Numerosos pacientes hacen cola para ser atendidos en el centro de salud de Alcosa. Numerosos pacientes hacen cola para ser atendidos en el centro de salud de Alcosa.

Numerosos pacientes hacen cola para ser atendidos en el centro de salud de Alcosa. / José Ángel García

La crisis sanitaria generada por la pandemia de Covid-19 ha puesto sobre la mesa, de manera rotunda, la situación de especial vulnerabilidad de las personas con enfermedades crónicas. El escenario de excepción que se generó en marzo tuvo, entre otras consecuencias, la limitación del acceso a los recursos sanitarios por parte de los pacientes crónicos. Citas pospuestas, medidas de seguridad frente al SARS-CoV-2 o el miedo al contagio han derivado en una disminución del control y seguimiento de sus patologías incurables, pero cuyo seguimiento es clave para un adecuado tratamiento y estabilización de sus cuadros clínicos.

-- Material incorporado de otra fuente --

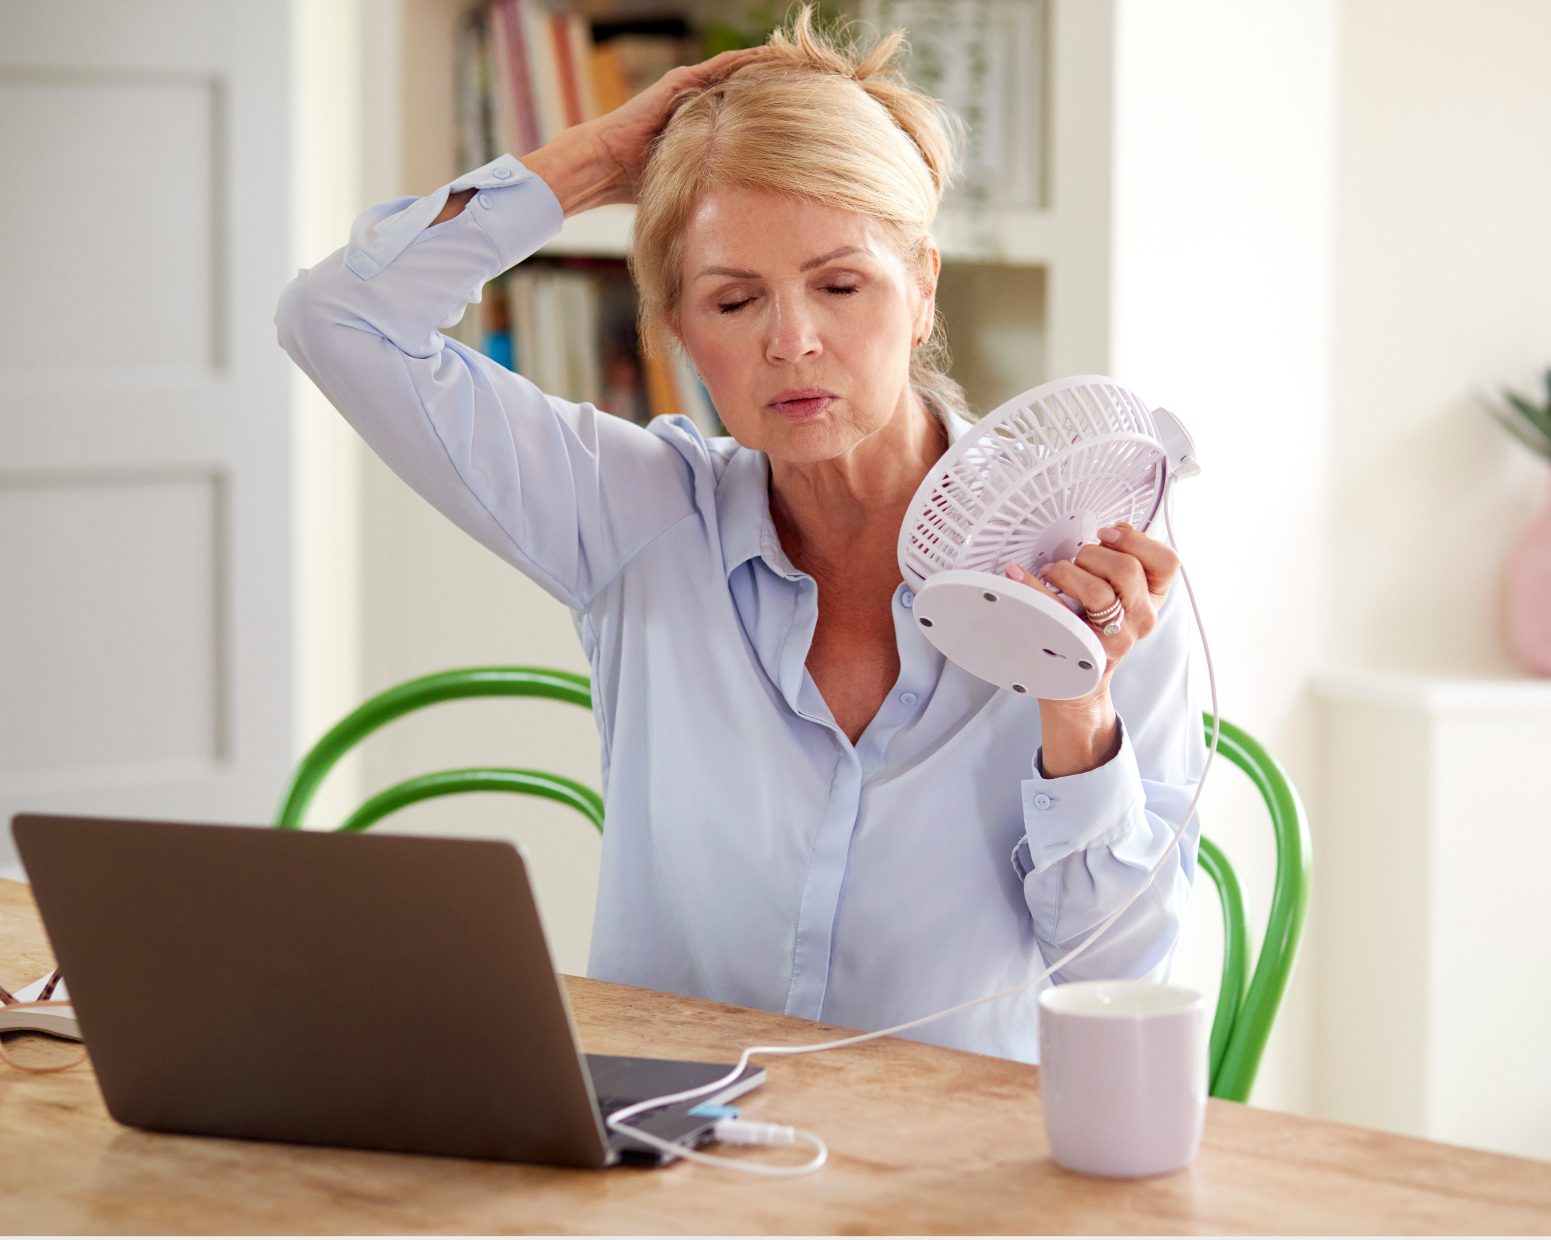 Menopause Symptoms Are Costly
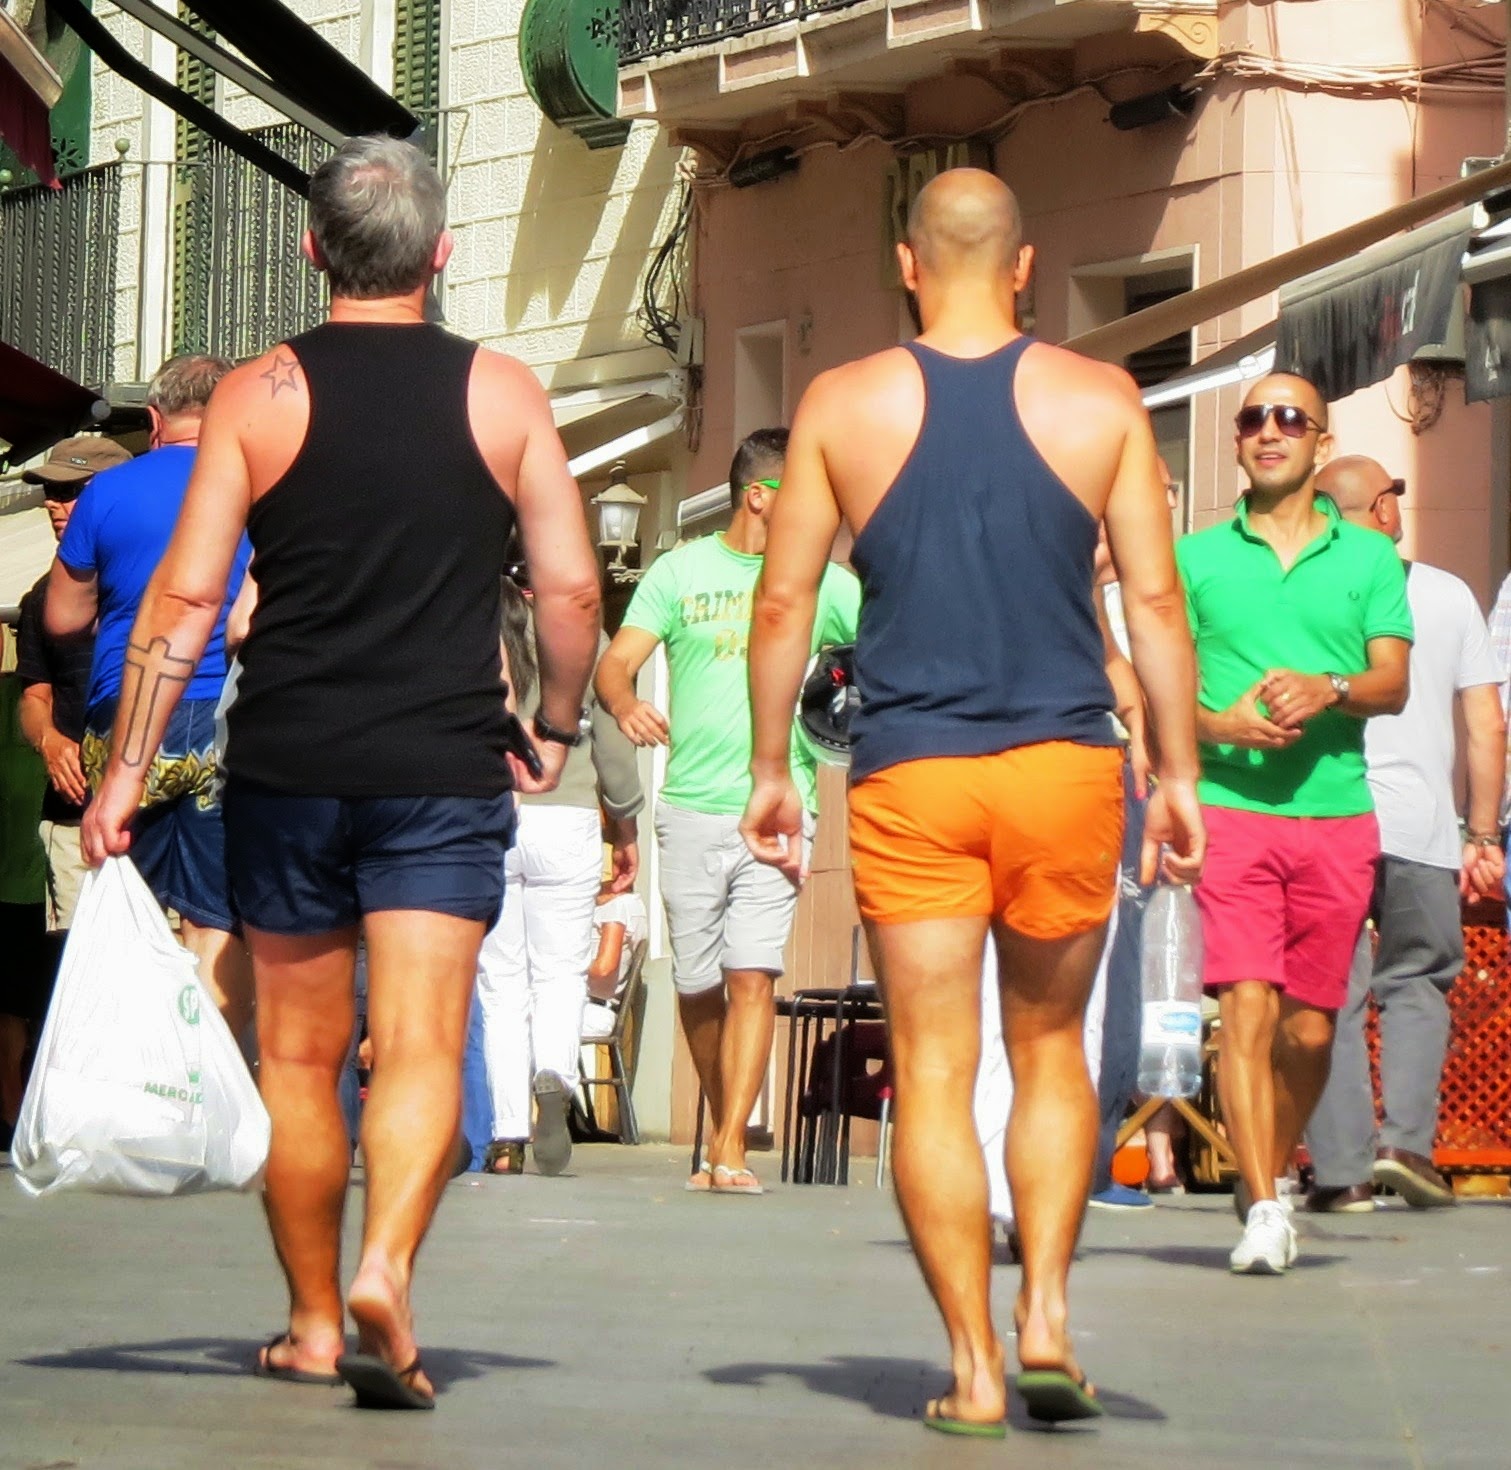 hot men from around the world: SITGES SPAIN JUNE 2014

Son víctimas colaterales de una crisis mundial que, desde distintas asociaciones de enfermos consideran, ha desembocado en un empeoramiento de su atención sanitaria desde que en marzo acaparara gran parte de los recursos asistenciales. Por lo tanto, su seguimiento no es tan ágil como antes del coronavirus al igual que tampoco lo es su día a día en medio de una pandemia sanitaria donde su vulnerabilidad es un riesgo añadido.

"La crisis del Covid nos está afectando a los enfermos crónicos más que a nadie porque la atención médica no es la misma, eso es evidente para todos", afirma el presidente de la Asociación de Enfermos de Crohn y Colitis Ulcerosa (ACCU Sevilla), José Luís Rodríguez de los Ríos.

La pandemia, según el portavoz de estos enfermos crónicos, "ha traído modelos de atención interesantes" como es el caso de las consultas telefónicas, que considera que es un recurso que "ha llegado para quedarse", pero señala, no obstante, que "no puede ser que todas las consultas sean no presenciales". Rodríguez de los Ríos destaca que, como afectados por una enfermedad que actúa por brotes, hay determinadas pruebas como colonoscopias o resonancias que se tienen que hacer en el hospital y que, "por la situación en la que se encuentran", son las que estarían sufriendo los mayores retrasos. El presidente de ACCU Sevilla habla en este caso en primera persona. "Yo mismo tengo una operación pendiente que me ha sido pospuesta sine die. Sé que no es de vida o muerte, pero es algo que necesito y lo estoy aguantando estoicamente hasta que llegue mi momento", manifiesta.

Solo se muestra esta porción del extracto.